To probe the nature of these events further, two research assistants (both blind to all hypotheses and conditions) coded participants’ two written events on profundity (1=not at all profound to the participant; 6=very profound to the participant), level of detail of the descriptions of the events (1=not at all detailed; 6=very detailed), and valence of the descriptions (1=very negative; 6=very positive) (11 participants were excluded for producing uninterpretable, and therefore, uncodable, responses). Intraclass correlations were high for all events and ratings (αs≥.65, ps<.0001) so we averaged across events and raters, to produce composite scores of profundity, detail, and valence.

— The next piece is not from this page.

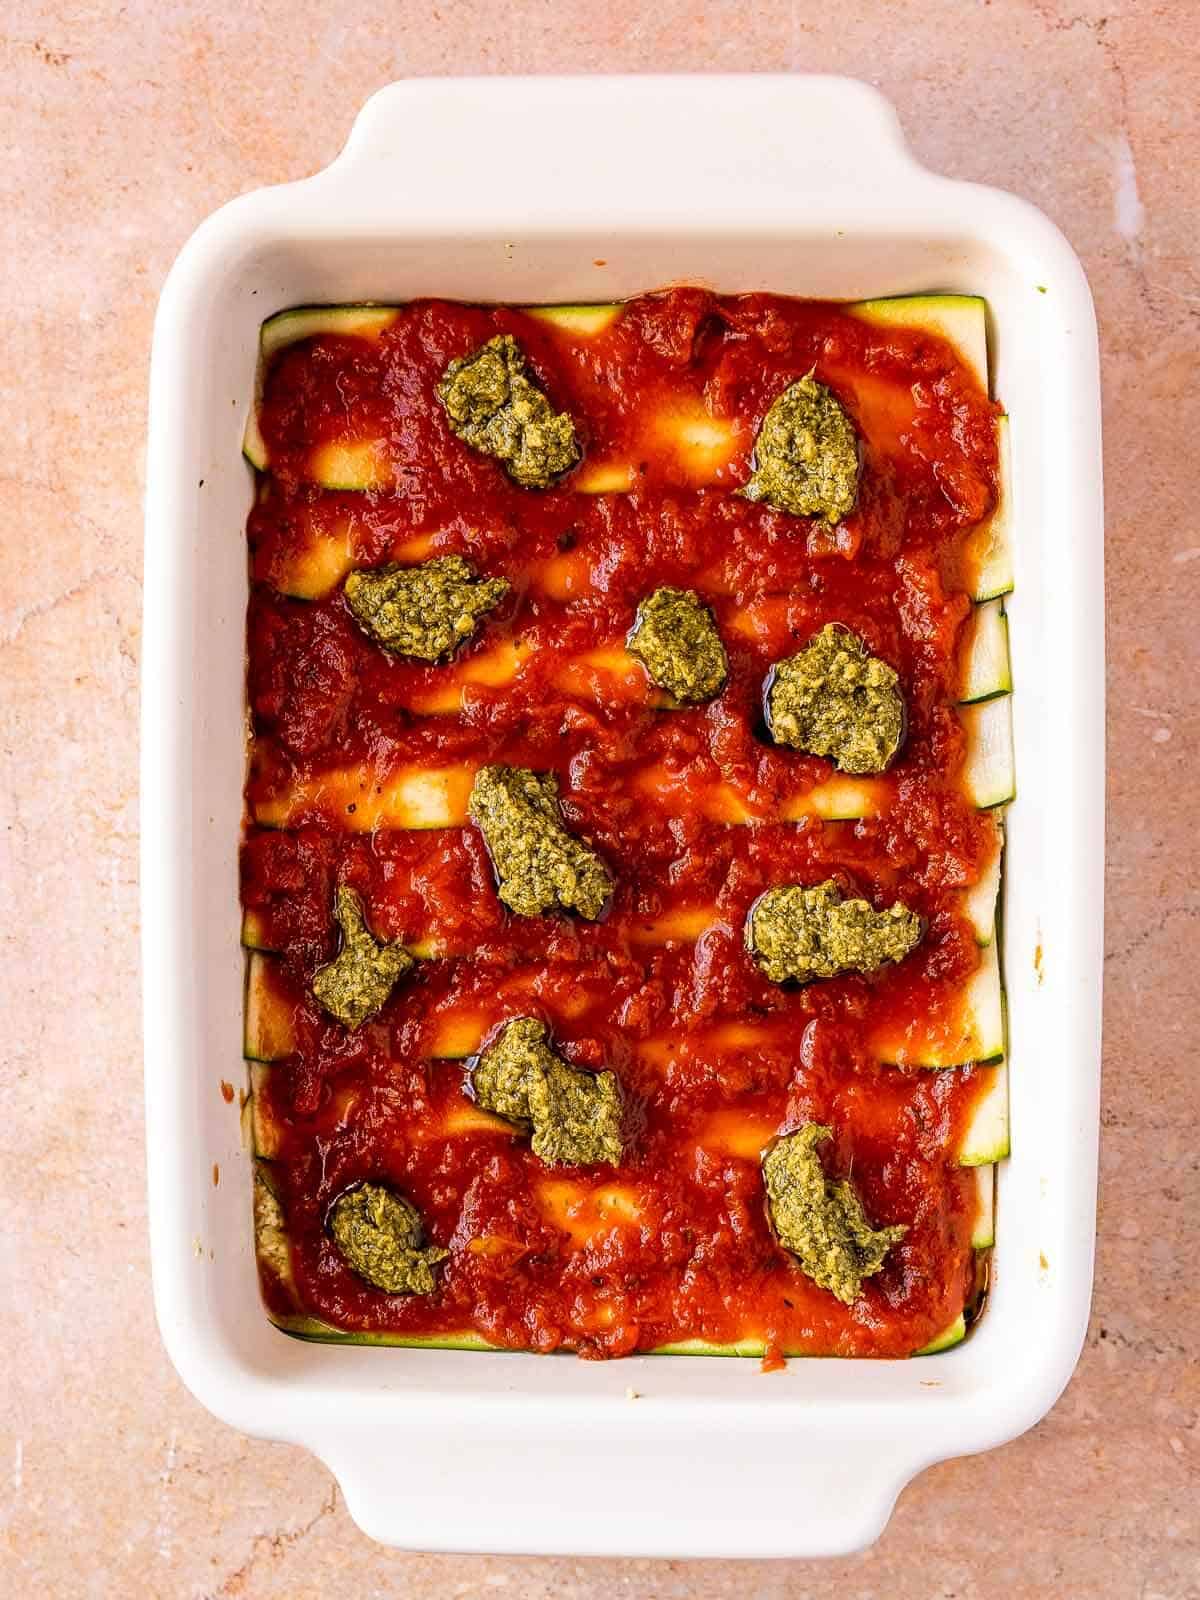 uncooked vegan zucchini casserole with vegan pesto dollops on top.

We conducted the same contrast as above on these evaluations, and found that each variable differed significantly across condition. Participants wrote about significantly more profound events in the in the future condition (M=4.50, SD=0.96) and past condition (M=4.16, SD=0.99) compared to the present condition (M=2.15, SD=0.80), t(301)=19.71, p<.0001, d=2.27. Participants wrote significantly more detailed descriptions in the in the future condition (M=3.42, SD=0.87) and past condition (M=4.06, SD=0.90) compared to the present condition (M=3.31, SD=1.03), t(301)=3.83, p<.0001, d=0.44. Participants also wrote more positively in the future condition (M=4.17, SD=0.98) and past condition (M=3.60, SD=1.17) compared to the present condition (M=3.36, SD=0.56), t(294.32)=5.70, p<.0001, d=0.66. Coding the future and past conditions as “1” and the present condition as “0,” we used Hayes’ (2013) PROCESS macro (bias-corrected, 20,000 resamples) to conduct a bootstrapping mediation analyses to determine whether these three variables (entered simultaneously) mediated the relationship between condition and presence of meaning. Profoundness (95% CI for indirect effect=0.09 to 0.80; 95% CI for total indirect effect=0.07 to 0.79) mediated the effect of condition on meaning, suggesting that considering the past and future increased people’s focus on profound and positive events, thus increasing meaning in life. Valence (95% CI for indirect effect =−0.05 to 0.12) did not mediate this effect, nor did detail (95% CI for indirect effect=−0.15 to 0.01). Further inspection of detail revealed that the failure to mediate was likely a result of detail increasing in the past condition but not the future condition. Planned contrasts revealed that detail was greater in the past condition versus the present condition (t(301)=5.77, p<.0001, d=0.67), but detail did not differ between the future and present conditions (t(301)=0.87, p=.39, d=0.10). This pattern of results mimics the differences in word count between condition, and is to be expected given that people are likely more capable of writing in detail about things that have actually happened (in the past) versus those that have not yet happened (in the future).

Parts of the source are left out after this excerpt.